* DATA FOR REVIEW
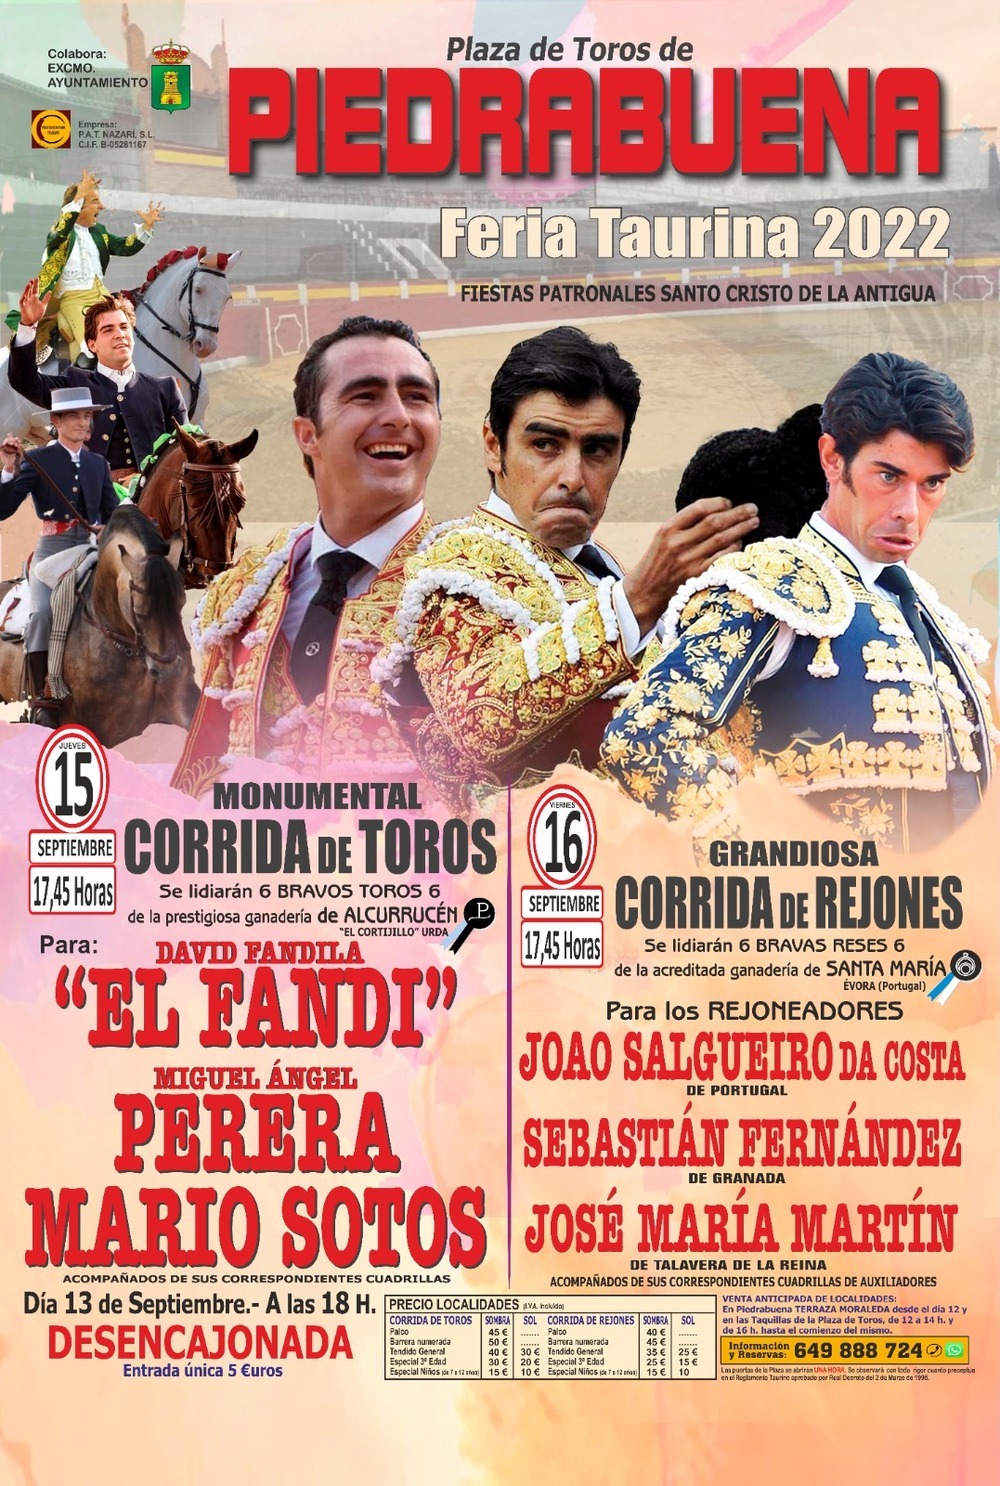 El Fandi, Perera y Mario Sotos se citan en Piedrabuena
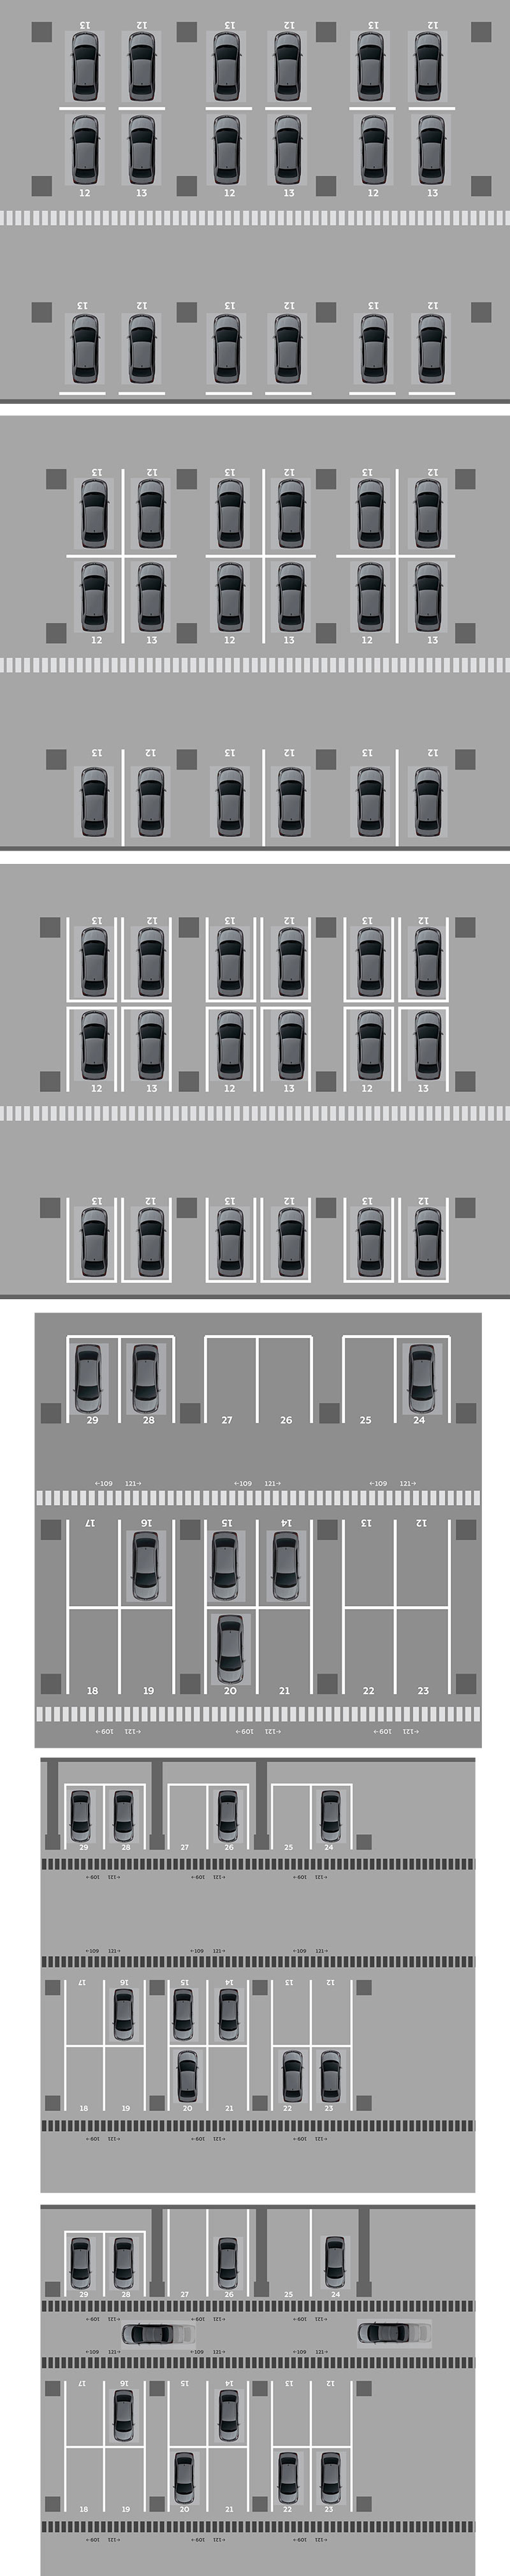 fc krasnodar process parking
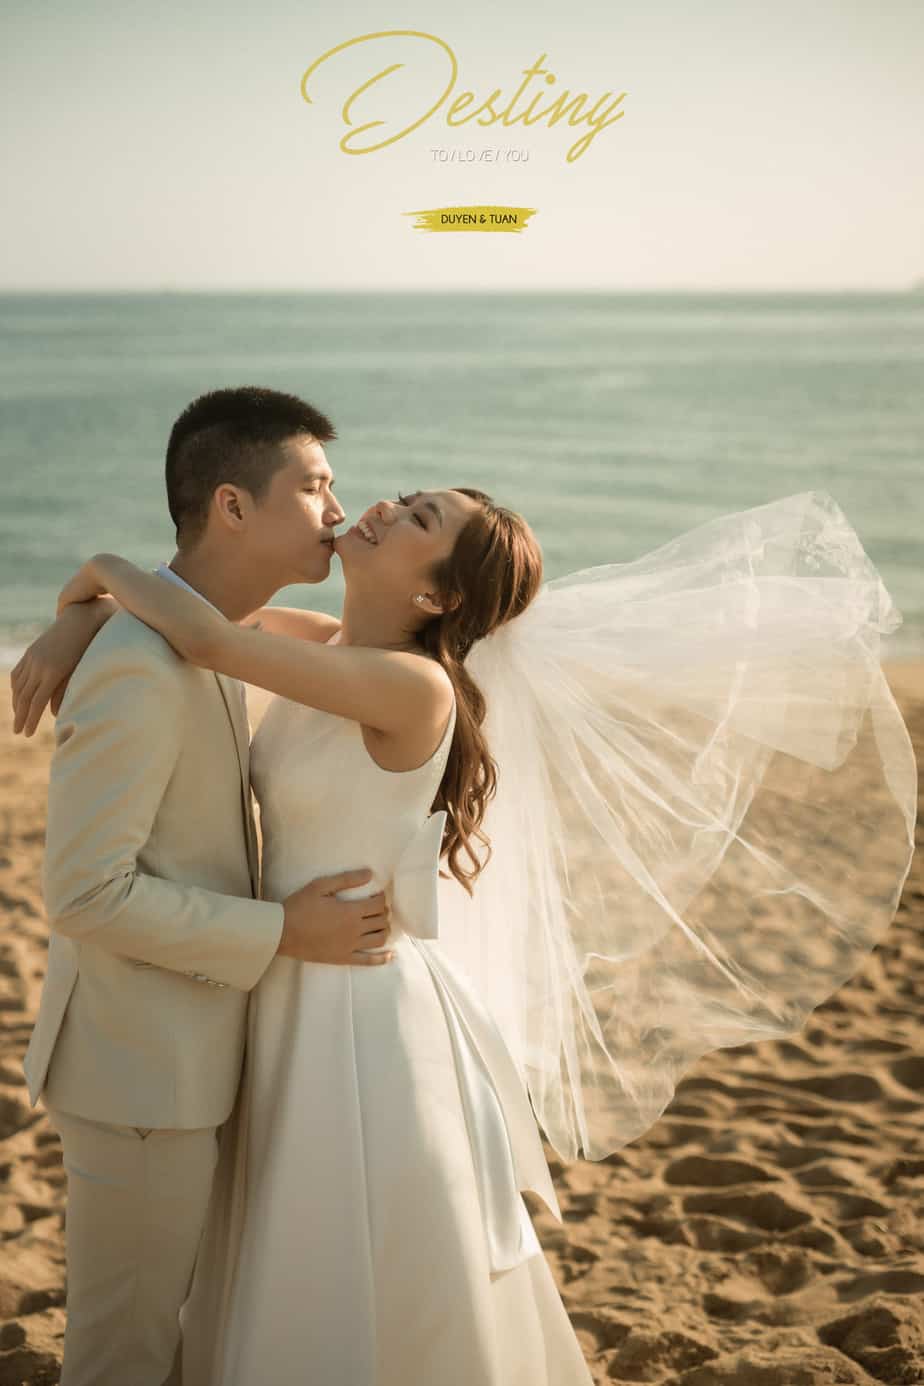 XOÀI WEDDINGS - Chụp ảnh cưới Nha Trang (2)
---
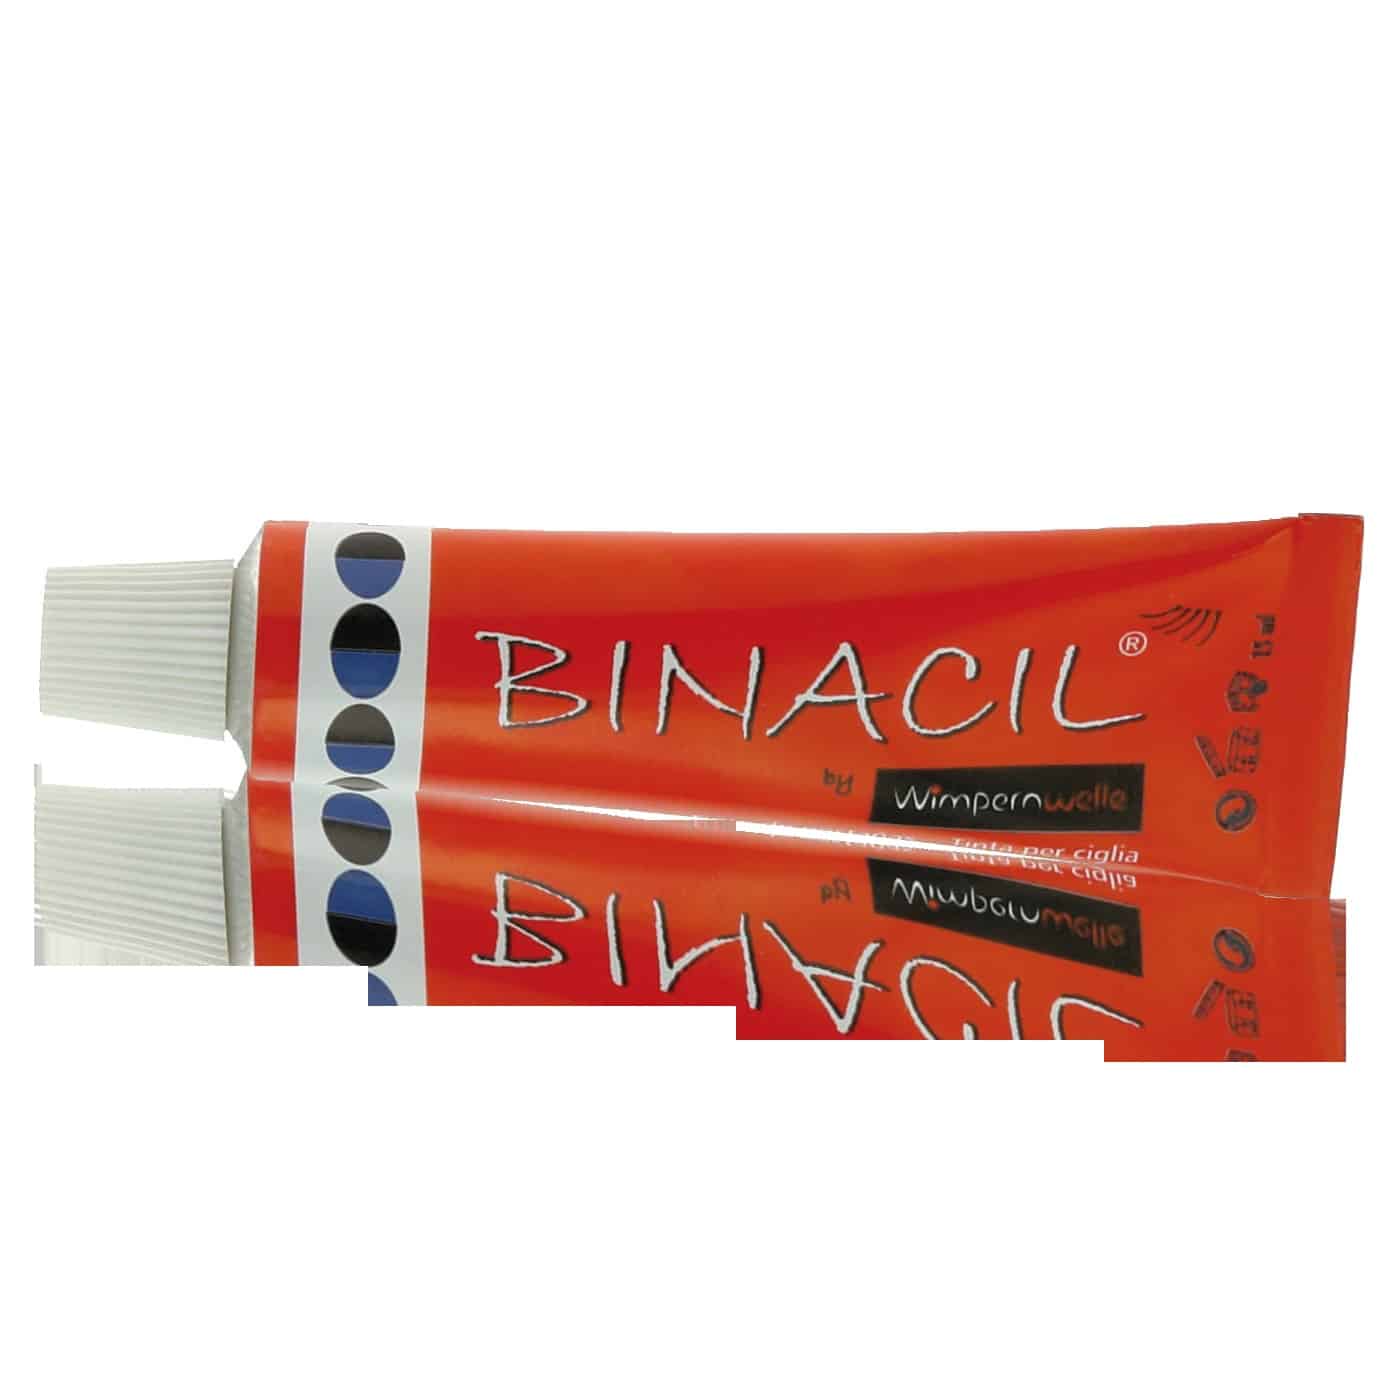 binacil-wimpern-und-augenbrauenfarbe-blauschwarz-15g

* WORK INSTRUCTIONS
Print exactly, with no pictures, the lines above from the one that holds "El Fandi, Perera" through the one that holds "XOÀI WEDDINGS - Chụp ảnh cưới Nha Trang (2)", both of them included.

* EXERCISE RESPONSE
 El Fandi, Perera y Mario Sotos se citan en Piedrabuena
 fc krasnodar process parking
 XOÀI WEDDINGS - Chụp ảnh cưới Nha Trang (2)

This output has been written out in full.